I am writing this post in response to two comments made on a post at Ambivablog on the teenage culture of oral sex. That post is a response to an Atlantic Monthly essay on the development of that culture. Essentially, Amba argues, the culture is bad for girls because it takes sexuality out of the larger context of the whole person. Amber Stuart responds in comments saying that this culture helps to build self esteem in both girls and boys. Amber Stuart's comments bother me for a number of reasons, both personally and philosophically; I will take each in turn. I think it important to note here, that this is not an argument against oral sex for all people in all situations (that can be discussed some other time), but against casual sexuality amongst teens. Stuart begins

"I'm both perplexed and amused by the tone of both the article and the comments. I can't help but think that there is a severe generational componant at work, here."

First off, I'm in my mid to late 20's. I'm not part of the "older generation". It wasn't much different when I was in high school and college. Amber may be able to use that argument against the original author's post, but it is a moot argument here. What I'm going to say comes from someone not much older than those we are discussing. When I was leading a small group on a retreat and sharing my past experiences, a girl said to me "That's my life to a T." Things haven't changed that much. She then continues

"You all seem shocked and dismayed at this behavior, seeking blame (the girls, the boys, their fathers, the society, gay men, George Bush) but you seem to be missing some important points. These girls have a casual attitude towards oral sex. When magazines and websites bemoan the state of 'the self-esteem problem with girls' here we have a way in which girls have found a way to improve their self esteem with little risk to themselves — and you're screaming because they are being used?"

The fact that they have a casual attitude towards oral sex is part of the problem. However, the real flaw in the analysis here is that it has little risk to themselves. Now I don't know of any studies of the psychological impacts of having casual oral sex, but I can't imagine it's completely neutral. One thing I can speak to is that I have read many reports of STDs being transmitted by oral sex. There are far healthier ways to improve one's self esteem. I would even contend that casual oral sex could lead to lower self esteem in the long run since girls could think they are only worth something for what they can provide rather than for who they are.

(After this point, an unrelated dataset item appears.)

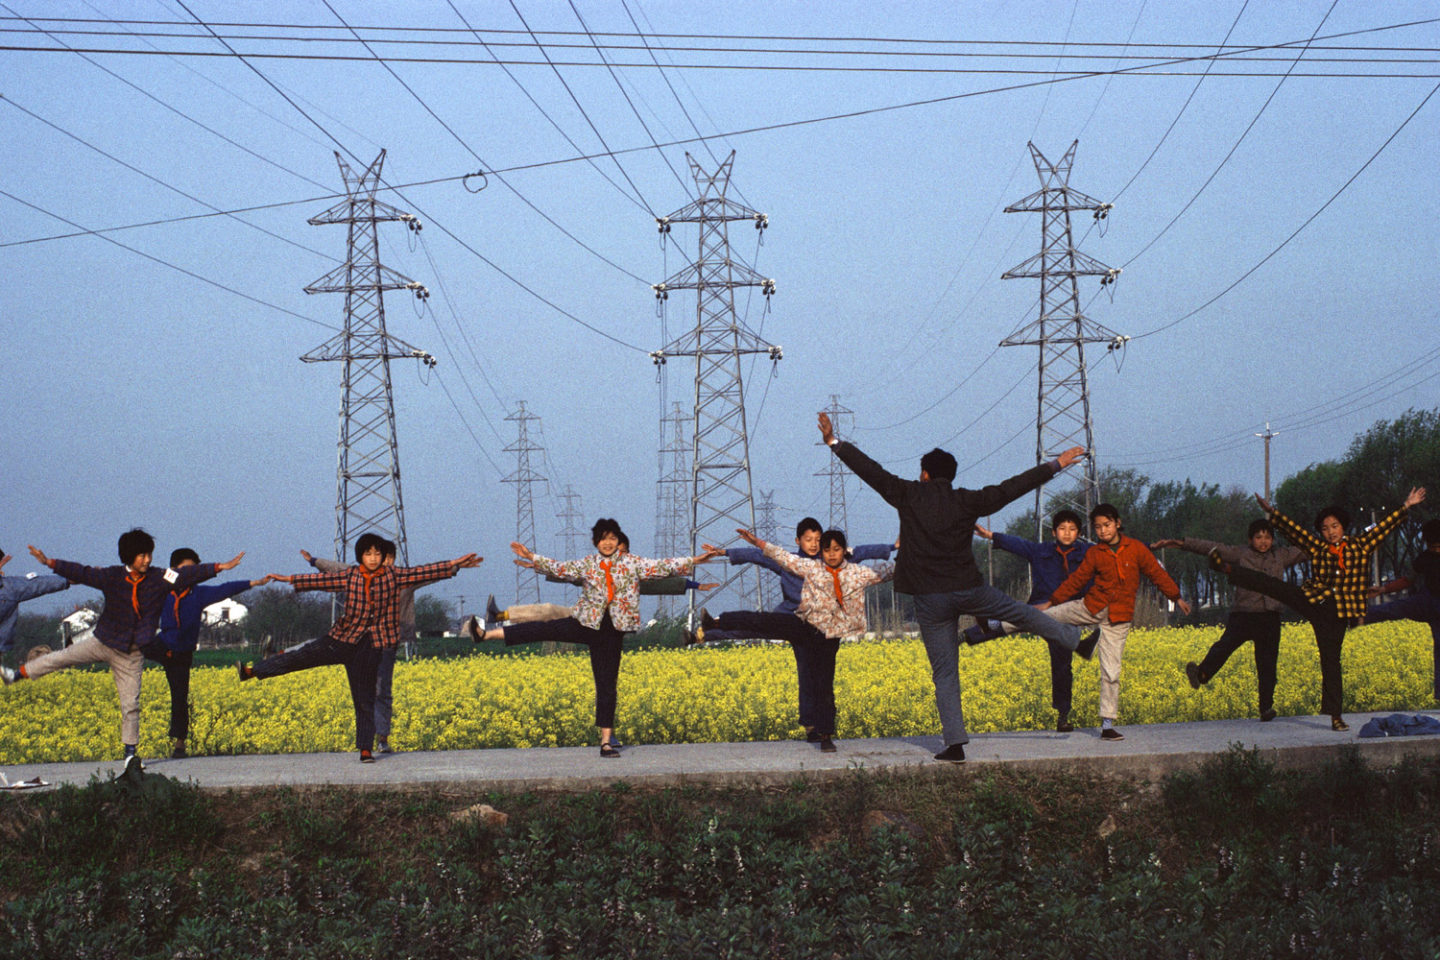 Gymnastique matinale avant l'école, Shanghai, Chine, 1980 ©Bruno Barbey, Magnum

"I see both teenaged girls and boys in my practice, and I've noticed this trend since I started. It usually takes a while, but once you get them to open up they are quite happy to discuss this issue. BJs are seen by many of these girls as the 'great equalizer', a way in which the less-popular girls can improve their social standing in the vicious world of girl politics."

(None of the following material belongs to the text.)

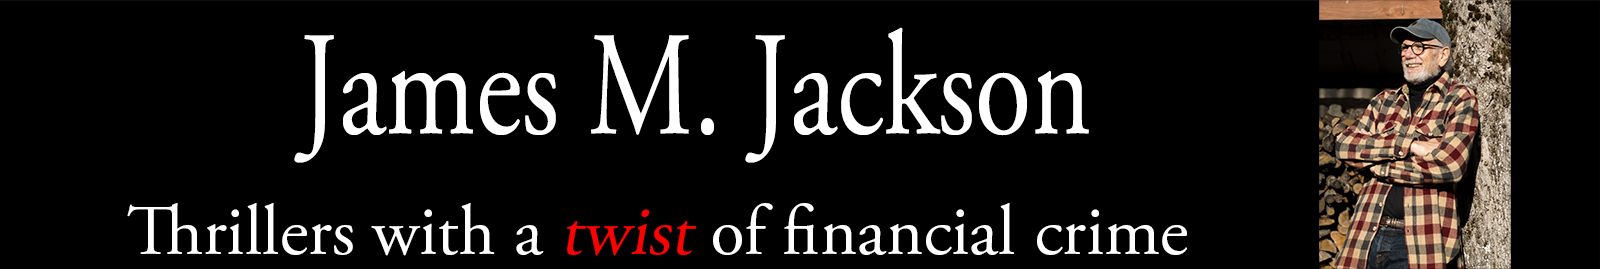 Banner: James M Jackson

So, because it's something that any girl can do, it's the "great equalizer"? Or is she contending that less popular girls use giving head as a way to make up for their lack of "natural" popularity? Either way, I see the situation as making things worse for the "unpopular" girls. I see this as yet another way to divide women, to make us competitive with each other rather than supportive of each other. It could also even be argued that this is just another way to feed the patriarchal society. But back to the topic at hand…

"Do they form lasting relationships this way? No. But do you really want 15 year old girls forming lasting relationships? They see it as a low-cost, high-return way of gaining power — power among their circle of girlfriends. Some even see it as a way of acquiring a valuable skill."

You are most likely not going to form a lasting romantic relationship when you are 15, but it is possible. The most important thing, though, is to have healthy relationships. Even if they are short-lived, that they are upbuilding, healthy, loving relationships. I'm not even talking about romantic relationships, but friendships within their circle of girls. We want to have positive relationships, not competitive relationships where people are striving for power. Perhaps this is something we should be addressing. Rather than "How can I get more power?", we should be asking "Why is there this power struggle?".

Another thing, how is this a valuable skill? Let me be blunt. I haven't always had the same views I currently do. I considered myself a virgin until vaginal penetration at 17. I had given blow jobs plenty of times when I was a virgin. I enjoyed it. It was probably my favorite thing to do. However, I'm not sure I would say it was a valuable skill that I acquired. It's not as if it's that hard to learn. I'm sure these girls could learn the skill after they got married just as easily, actually more easily because they won't have to worry about "performing" as much, than when hooking up with 15 year olds. Most girls aren't that good at it because they a) don't focus on the correct parts and b) don't keep at it long enough. Acquiring a "valuable skill" is lame. There are many more valuable skills to be acquiring during one's teenage years.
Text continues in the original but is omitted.